The significance of alo bana hanan —the splitting of the house— runs deeper than simply the members of a house group splitting to support opposite sides in some dispute. It also refers to the fundamental relationship among all things in the world. The Kaluli believe that all things had their origin at a time in the distant past known as hena madaliaki (roughly “when the land came into form”). At that time, according to the prevailing story, there were no trees or animals or streams or sago or food. The earth was covered entirely by people. These people soon began to get hungry and cold as they had nothing to eat or to build houses with. One man got up and said, “Everyone gather around here.” When everyone had assembled, he said, “You be trees,” and one group of people became trees. “You be sago,” and another group became sago. “You be fish…. You be bananas,” and so on, until all the animals and plants and every other being and natural feature (rivers, hills) in the world were divided each to his own kind.
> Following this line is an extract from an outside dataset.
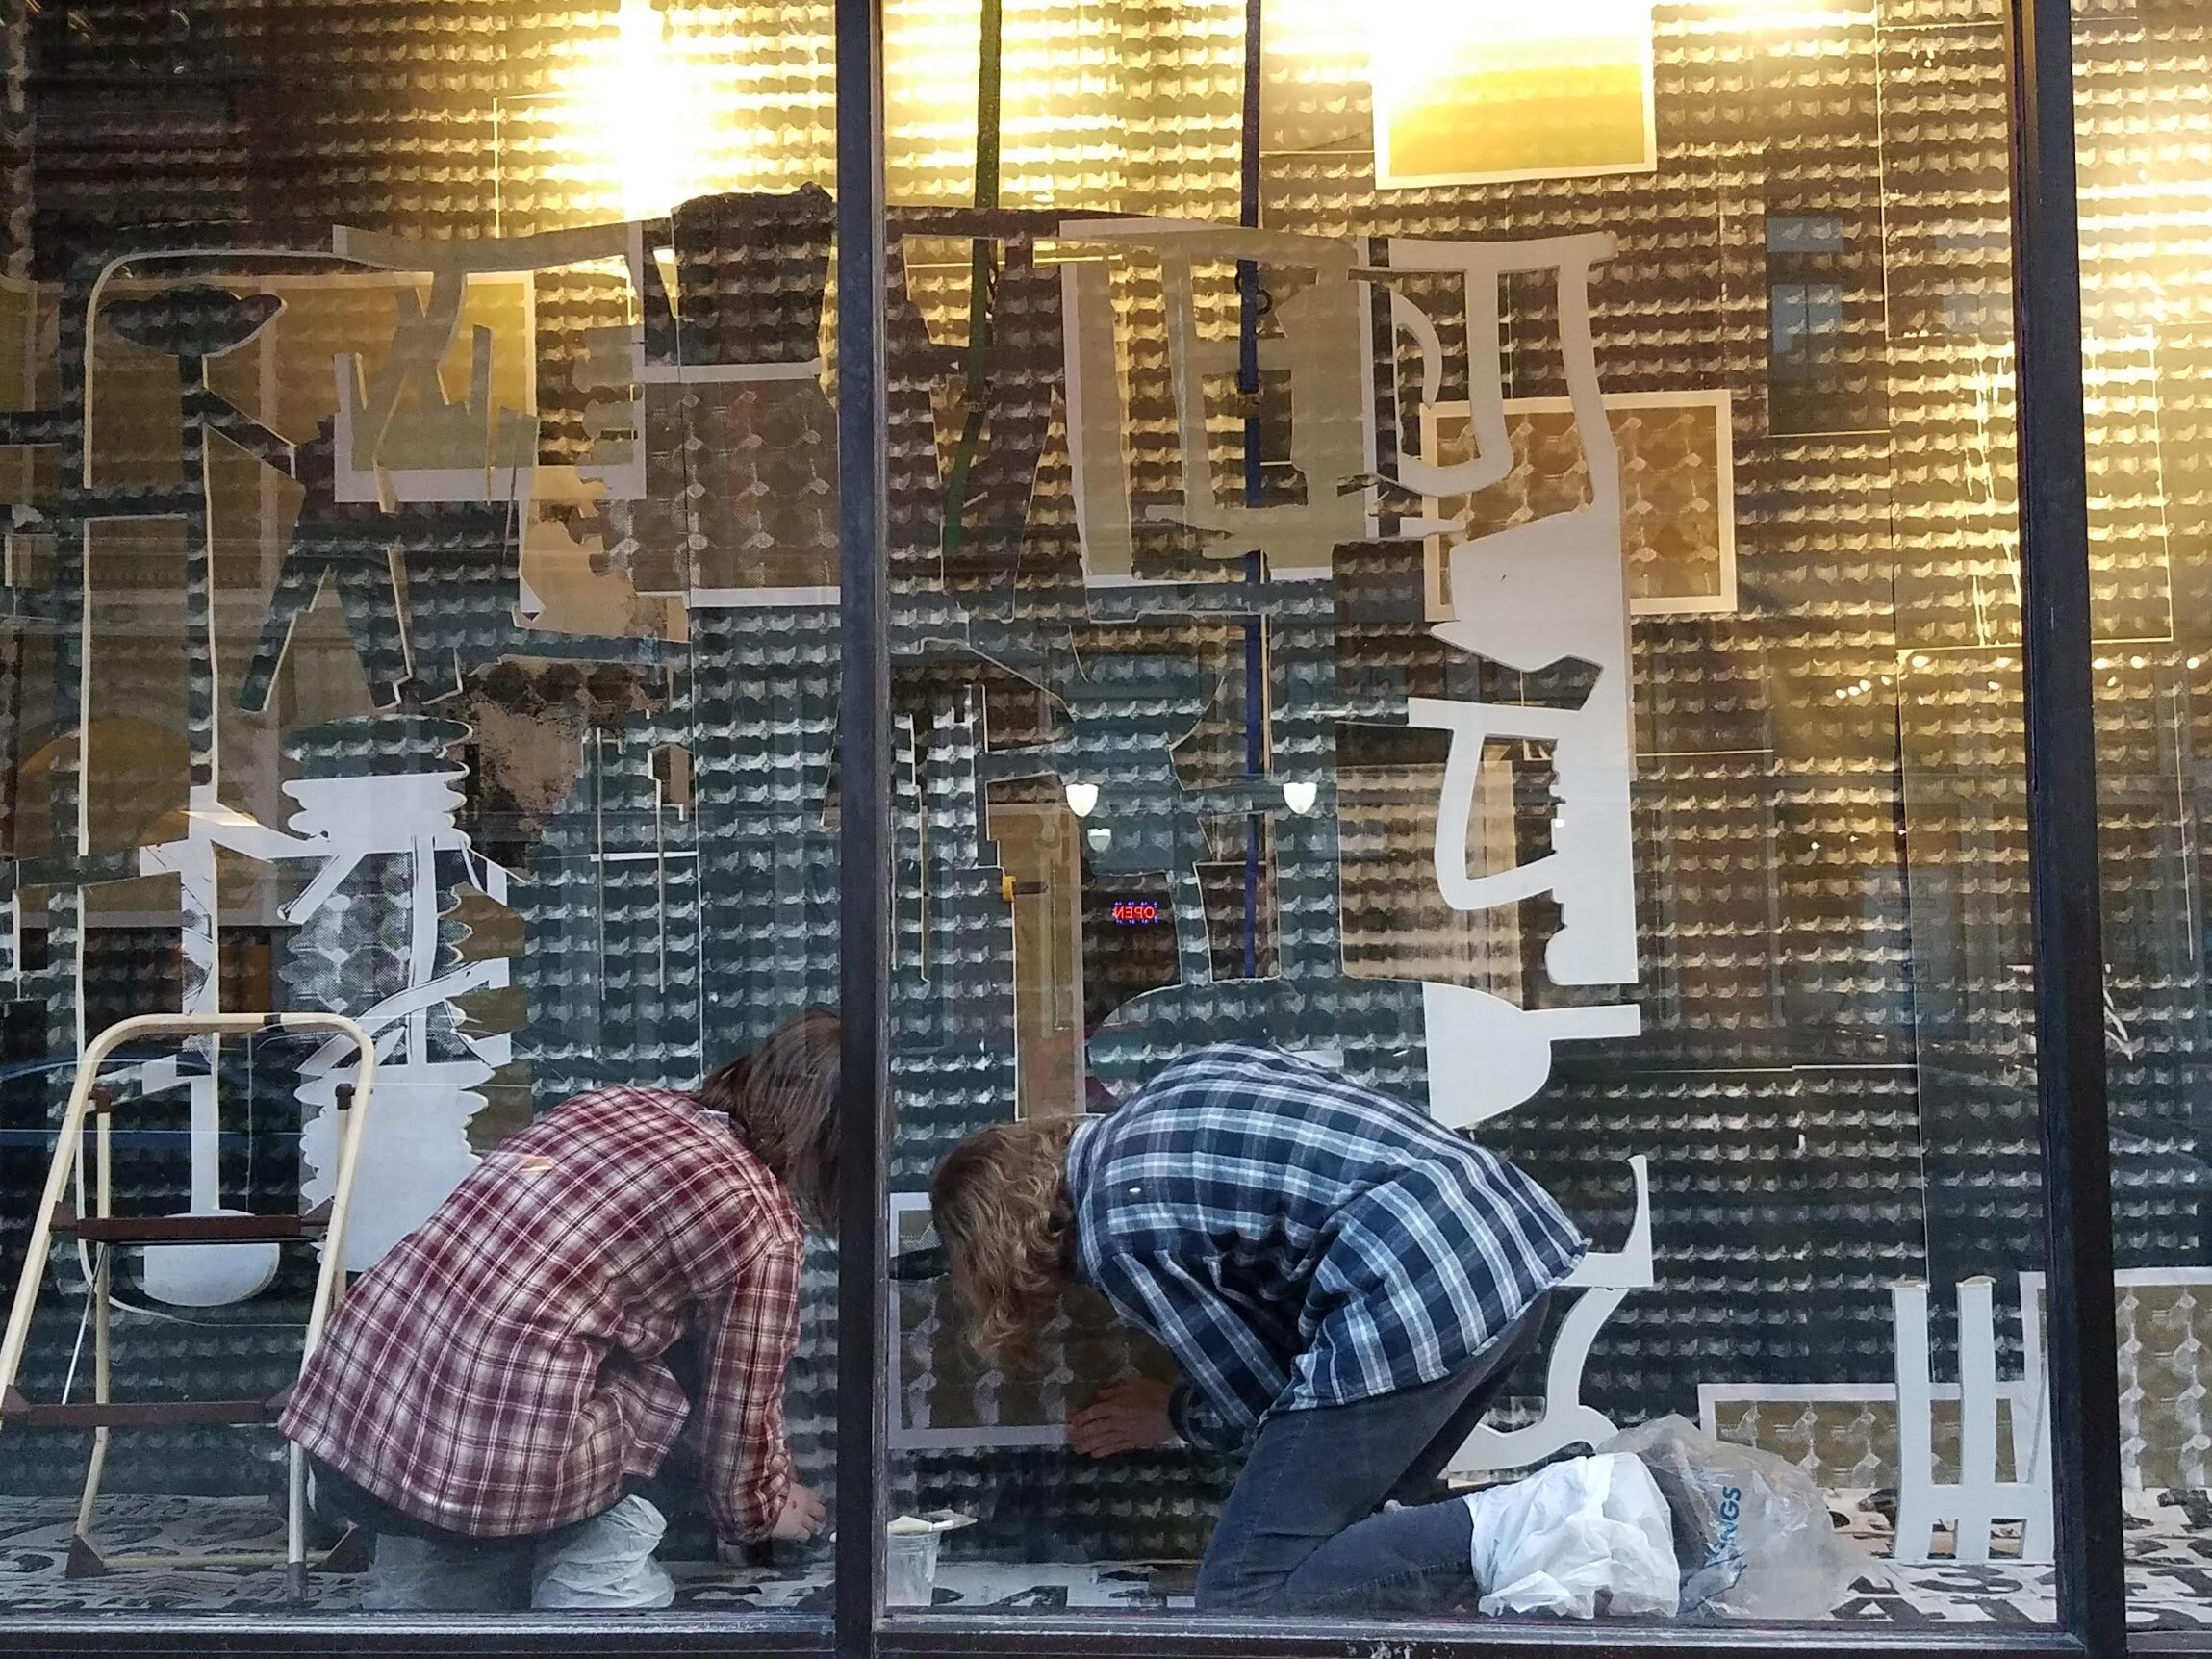 Assembly and installation of The Anatomy Lesson in SPACE gallery's window

The few people who were left became the human beings of the day. The Kaluli term for this myth is “the time when everything alɔ bana ane” (ane = past participle of hanan), and it is from this original “splitting of the house” that all things have attained their present form of existence.

Keywords

Past Participle Gift Exchange Smoke Meat Huge Tree Hunting Expedition 
These keywords were added by machine and not by the authors. This process is experimental and the keywords may be updated as the learning algorithm improves.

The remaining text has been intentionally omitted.